SLO	latency、availability、quality gate processing time、support response。
cost_model	按 request、token、document、tool call、review item 或 use case 归因。
adoption_metrics	激活团队数、重复使用、reuse rate、developer satisfaction。
support_path	文档、office hour、L1/L2/L3、incident path。

4.4 Catalog 运营规则

规则	为什么重要
每个服务必须有明确 owner 和 deprecation policy	平台服务也是产品, 不能成为无人维护的内部依赖。
每个服务必须给出 default path 和 escape hatch	防止平台变成强制流程, 同时避免团队绕开治理。
Catalog card 必须显示接入成本和约束	内部用户需要知道时间、数据、审批、运行成本和责任边界。
服务指标必须与 roadmap 绑定	低采用、高支持成本、低复用的服务应被重设或收敛。
Catalog 与 evidence binder 打通	用平台路径上线的 use case 自动形成审计证据链。

5. Golden Paths

Golden path 是“从一个常见 AI 任务到可控上线”的产品化路径。它不是文档链接集合, 而是 opinionated template + reference implementation + policy guardrails + telemetry + eval gates + runbook + adoption assets。

5.1 Golden Path 设计原则

原则	AI 平台含义
Opinionated but optional	给出推荐路径, 允许有明确理由的例外。
Self-service first	低/中风险团队能自助创建项目、索引、eval、dashboard 和 deployment。
Governance embedded	风险分级、数据边界、policy、approval 和 evidence 默认进入流程。
Reference over abstraction	给出可运行 reference implementation, 避免只给抽象接口。
Observable from day one	从第一个 pilot request 开始记录 trace、cost、quality、adoption。
Product team ready	不只支持开发, 还支持 PRD、eval contract、release memo、adoption dashboard。
Iteration loop built in	线上反馈能回到 eval set、RAG source、policy、template 和 roadmap。

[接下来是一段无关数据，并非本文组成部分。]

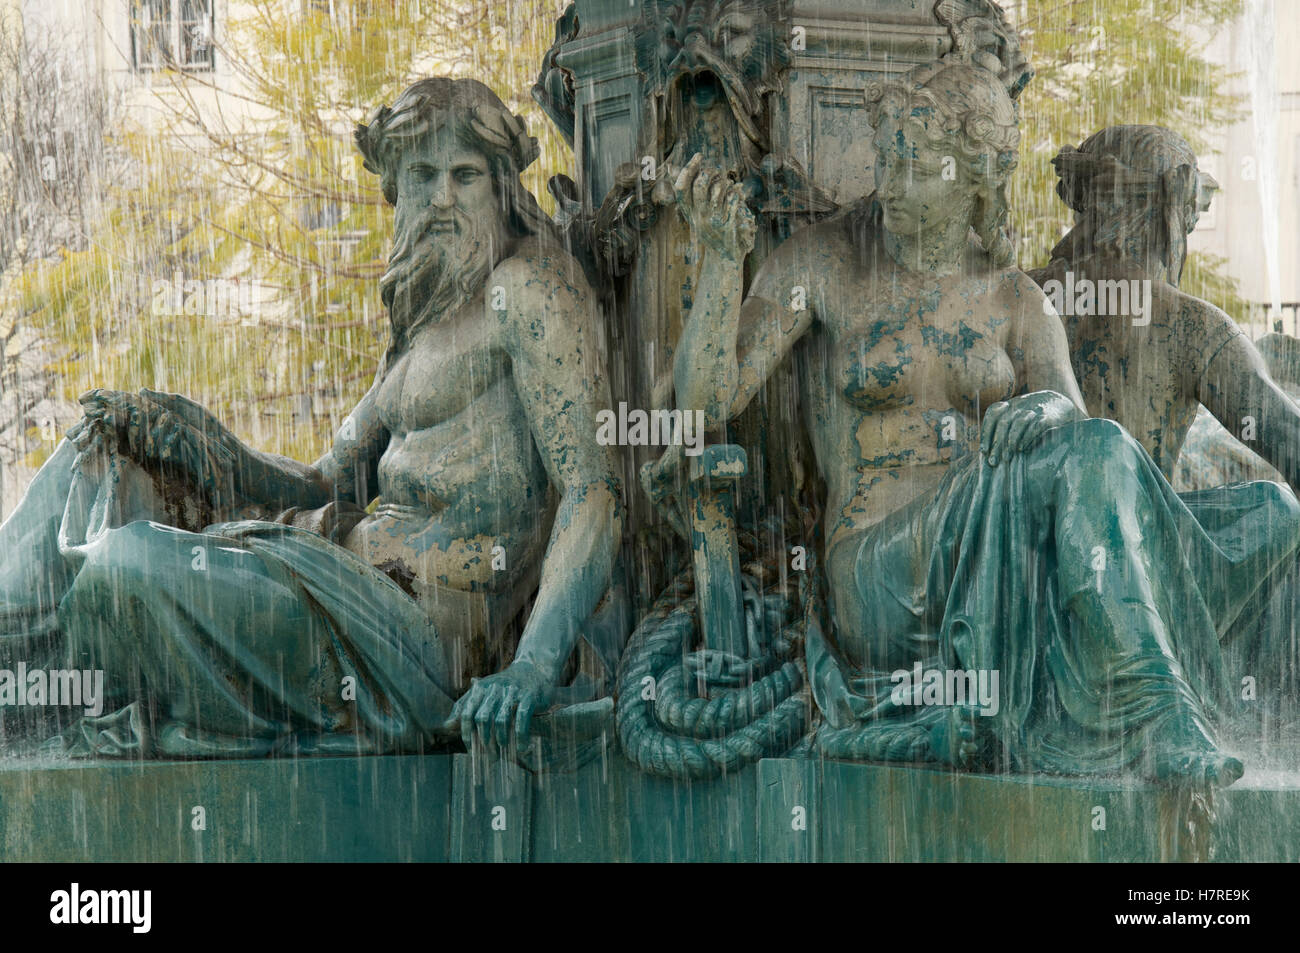 Neoclassical fountain. Bronze statues of nude classical mythological figures adorn the fountains in the Praça Dom Pedro IV. Rossio, Lisbon, Portugal. Stock Photo

5.2 Golden Path 1: Customer-Facing RAG

适用场景: 客服政策问答、产品条款解释、费用争议说明、分行员工辅助答复。客户可见或半客户可见, 风险中高。

Path step	平台默认能力	产出
Intake	use case card、customer impact、risk tier、approved/prohibited use	RAG use case brief
Knowledge onboarding	source registry、owner、effective date、metadata、permission filter	Knowledge source card
Template provision	RAG app template、citation UI、fallback answer、handoff flow	Running reference app
Eval setup	golden questions、red-team prompts、citation rubric、no-answer test	RAG eval pack
Guardrails	PII redaction、financial advice boundary、stale policy block、handoff trigger	Policy config
Telemetry	retrieval span、citation doc ids、answer quality、agent acceptance	RAG dashboard
Release gate	citation accuracy、unsupported claim、escalation correctness、latency/cost	Release gate memo
Adoption	agent training scenarios、manager QA sample、feedback taxonomy	Adoption dashboard

关键门槛:

Metric	Suggested gate
customer-facing unsupported claim	0
permission leakage	0
stale policy citation	0 for regulated answers
citation correctness	>= 95% before scale
no-answer correctness	>= 90%
high-risk escalation	>= 99%

5.3 Golden Path 2: Employee Copilot

适用场景: BA/PM/Architect 文档助手、内部政策助手、运营知识助手、培训助手。通常内部使用, 风险取决于数据和输出是否进入正式决策。

Path step	平台默认能力	产出
Role scoping	target user、workflow step、human decision retained	Copilot scope memo
Data boundary	allowed repositories、restricted data exclusion、retention policy	Data access rule
Template provision	chat UI、prompt registry、RAG connector、feedback button	Internal copilot app
Eval setup	task-specific rubric、expert sample、bad-answer categories	Copilot eval report
Guardrails	confidential data warning、source citation、non-authoritative disclosure	Policy config
Telemetry	active users、accepted answer、edit distance、feedback reason	Adoption + quality dashboard
Enablement	scenario drills、manager guidance、support route	Launch pack

产品 PM 的判断重点:

判断	问题
Adoption quality	用户是否把 copilot 嵌入真实流程, 还是只试用几次?
Work product quality	AI 输出是否减少返工, 还是把审核成本转移给专家?
Data risk	员工是否可能输入未授权客户数据、机密文件或监管敏感材料?
Role redesign	AI 是否改变 BA/PM/Architect 的工作方式, 以及新能力如何培训?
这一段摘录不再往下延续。